= Boularderie Island =

Island off of Cape Breton Island, Nova Scotia, Canada

Boularderie Island (pronounced "bull-uhr-dree") is an island separating the Cabot Strait from Bras d'Or Lake on the eastern coast of Cape Breton Island, Nova Scotia, Canada. It takes its name from Louis-Simon le Poupet de la Boularderie, who was granted the area as a concession from the King of France.

==Geography==
At 40 km (25 mi) long and between 3 km (2 mi) to 10 km (6 mi) wide, Boularderie Island is Nova Scotia's second largest island after Cape Breton Island.

Two outlets of Bras d'Or Lake run on each side of the island to the Atlantic Ocean:

- the Great Bras d'Or channel runs along the island's northwestern shore, and
- St. Andrews Channel and the Little Bras d'Or channel run along the island's southeastern shore.

The extreme northeastern end of the island at Point Aconi fronts the Cabot Strait, whereas the extreme southwestern end at Kempt Head fronts the northern basin of Bras d'Or Lake.

The majority of the island is heavily forested, however, there are a small number of farms along the southern and eastern shores.

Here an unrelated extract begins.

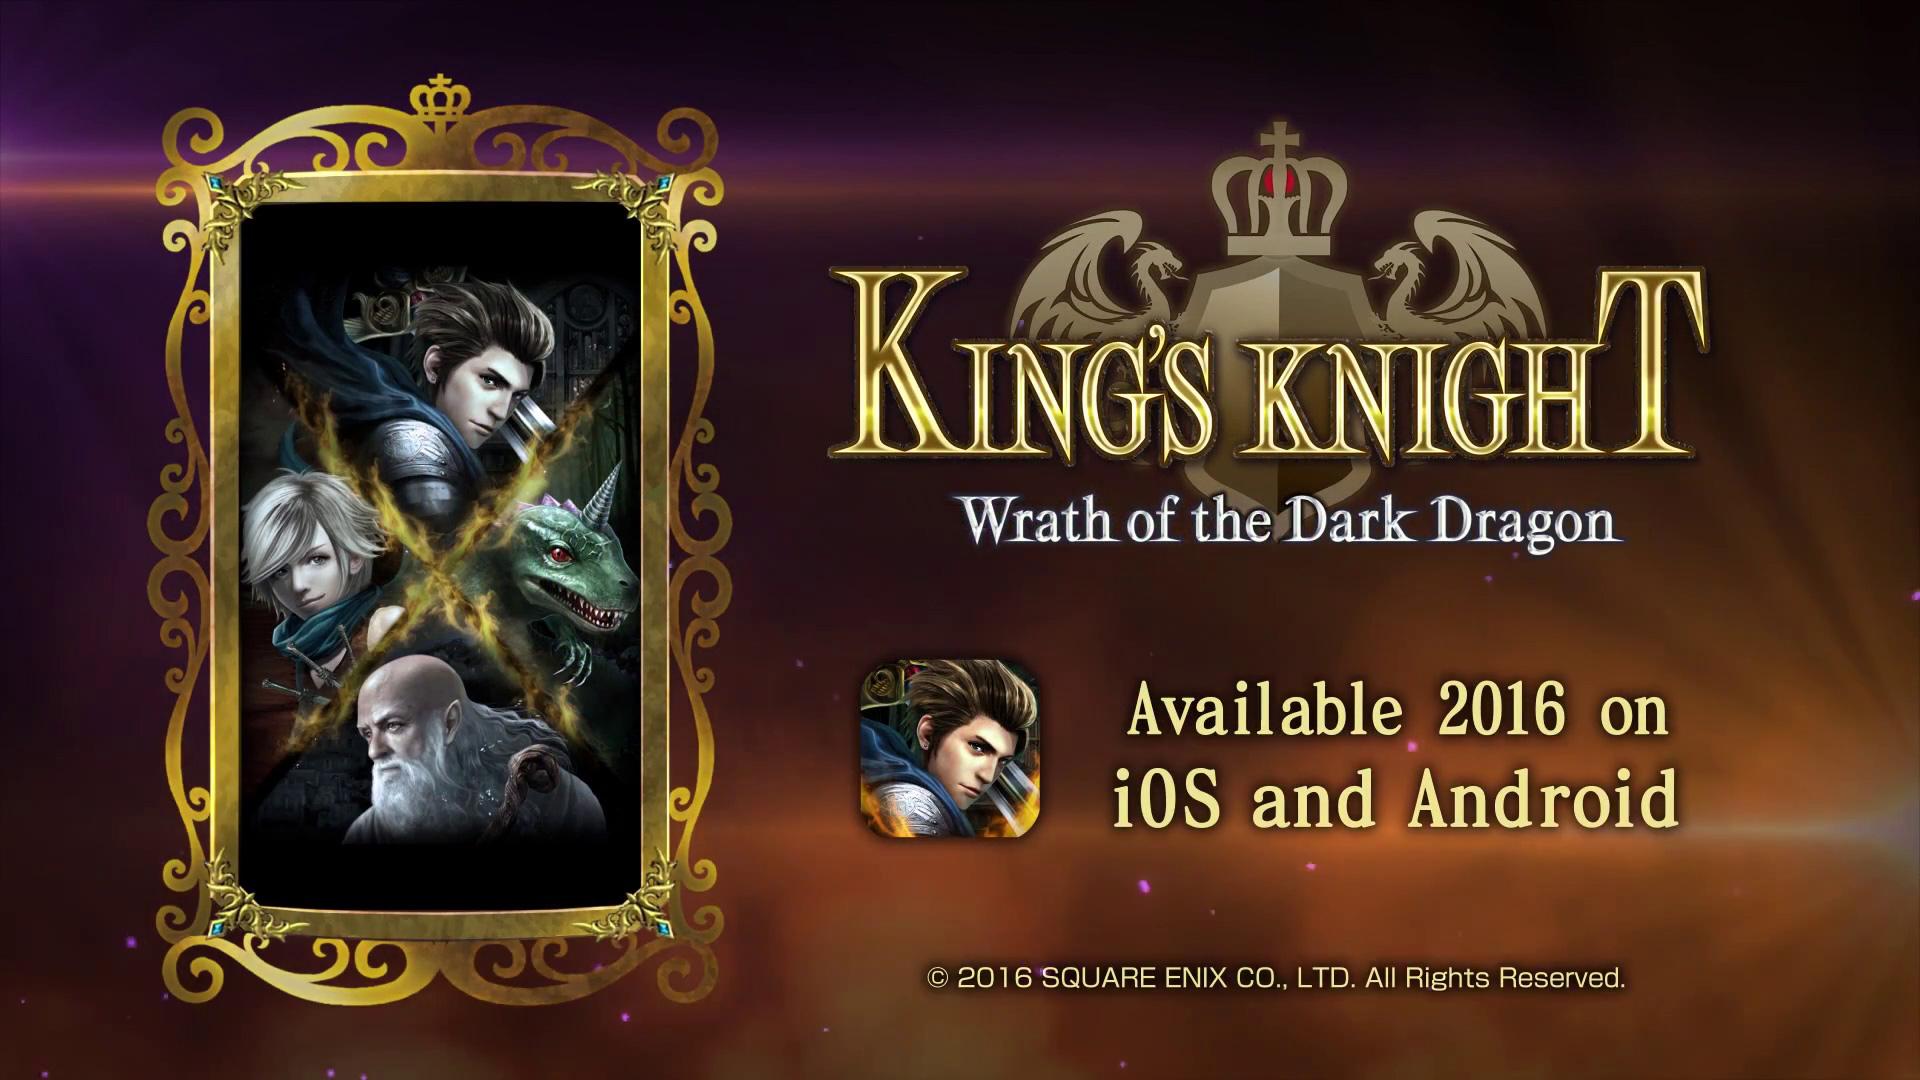 kings-knight-wrath-of-the-dark-dragon-gamesoul-01

The northern end of the island in the community of Point Aconi has been home to several underground coal mines with the last one, the Prince Colliery, closing in November 2001. There have also been several controversial proposals to strip mine near-surface deposits which is meeting significant opposition from residents in the northern end of Boularderie Island. The Point Aconi Generating Station is located at the northern end of the island adjacent to the abandoned Prince Colliery brown field.

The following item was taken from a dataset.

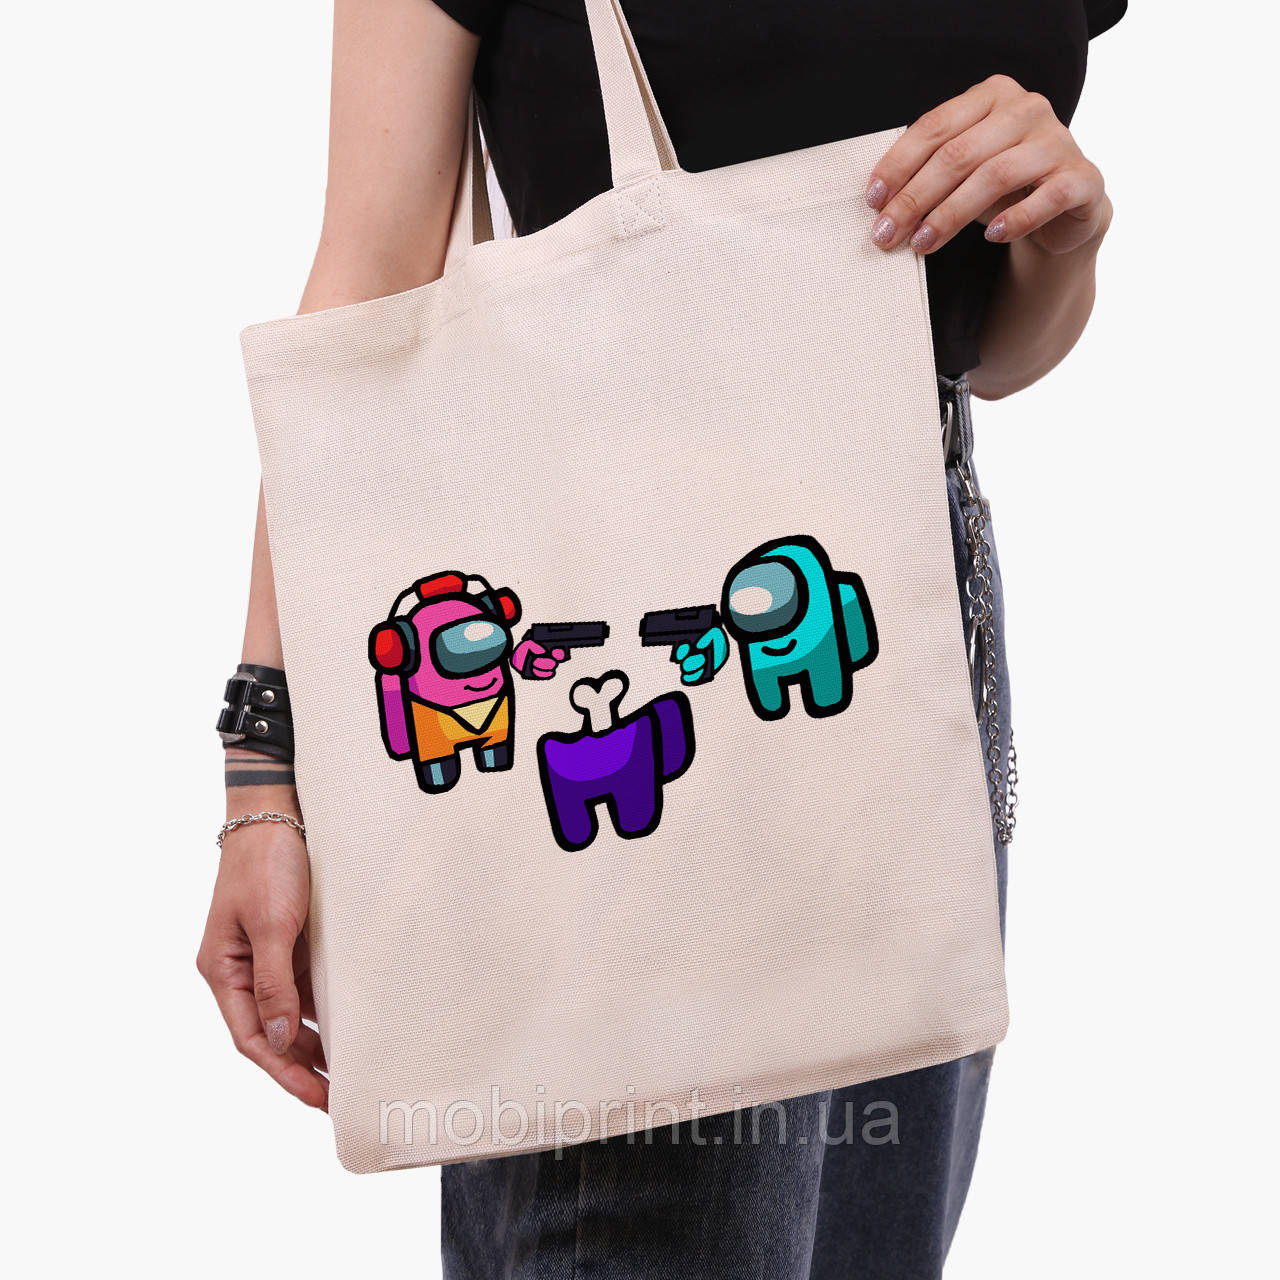 Эко сумка шоппер Амонг Ас (Among Us) (9227-2598)  41*35 см

The island is divided across two of the province's counties with the north and western side being part of Victoria County (approximately 2/3 of the island's land mass), and the remainder of the more populated northeastern end being part of Cape Breton County.

==Communities==
The following communities are located on Boularderie Island:

Within Cape Breton County:

- Bras d'Or (The western portion of this community straddles the Little Bras d'Or Channel onto Boularderie Island.)
- Dalem Lake
- Groves Point
- Hillside Boularderie
- Mill Creek
- Mill Pond
- Millville (Also known as "Millville Boularderie".)
- New Dominion
- Point Aconi (This community also includes the place name "McCreadyville".)
- Southside Boularderie (Not to be confused with the adjacent "Southside of Boularderie" in Victoria County. This community also includes the place names "Black Brook" and "Boularderie West")

Within Victoria County:

- Big Bras d'Or
- Black Rock
- Boularderie Centre (This community also includes the place names "Boularderie" and "Big Bank".)
- Boularderie East
- Kempt Head
- Ross Ferry
- South Side of Boularderie (Not to be confused with the adjacent "Southside Boularderie" in Cape Breton County. This community also includes the place name "Island Point".)
- Upper Kempt Head

==Roads==

The island is encircled by local roads, however, there are only two numbered highways:

- Highway 105, also signed for the Trans-Canada Highway, traverses the island diagonally from the Seal Island Bridge at Boularderie East in the west through to the Little Bras d'Or Bridge at Bras d'Or in the east. It was constructed in the early 1960s.
- Highway 162, also signed as the Prince Mine Rd, runs from Highway 105 at Bras d'Or to the Point Aconi Generating Station at Point Aconi. It was constructed in the 1970s to serve the Prince Colliery.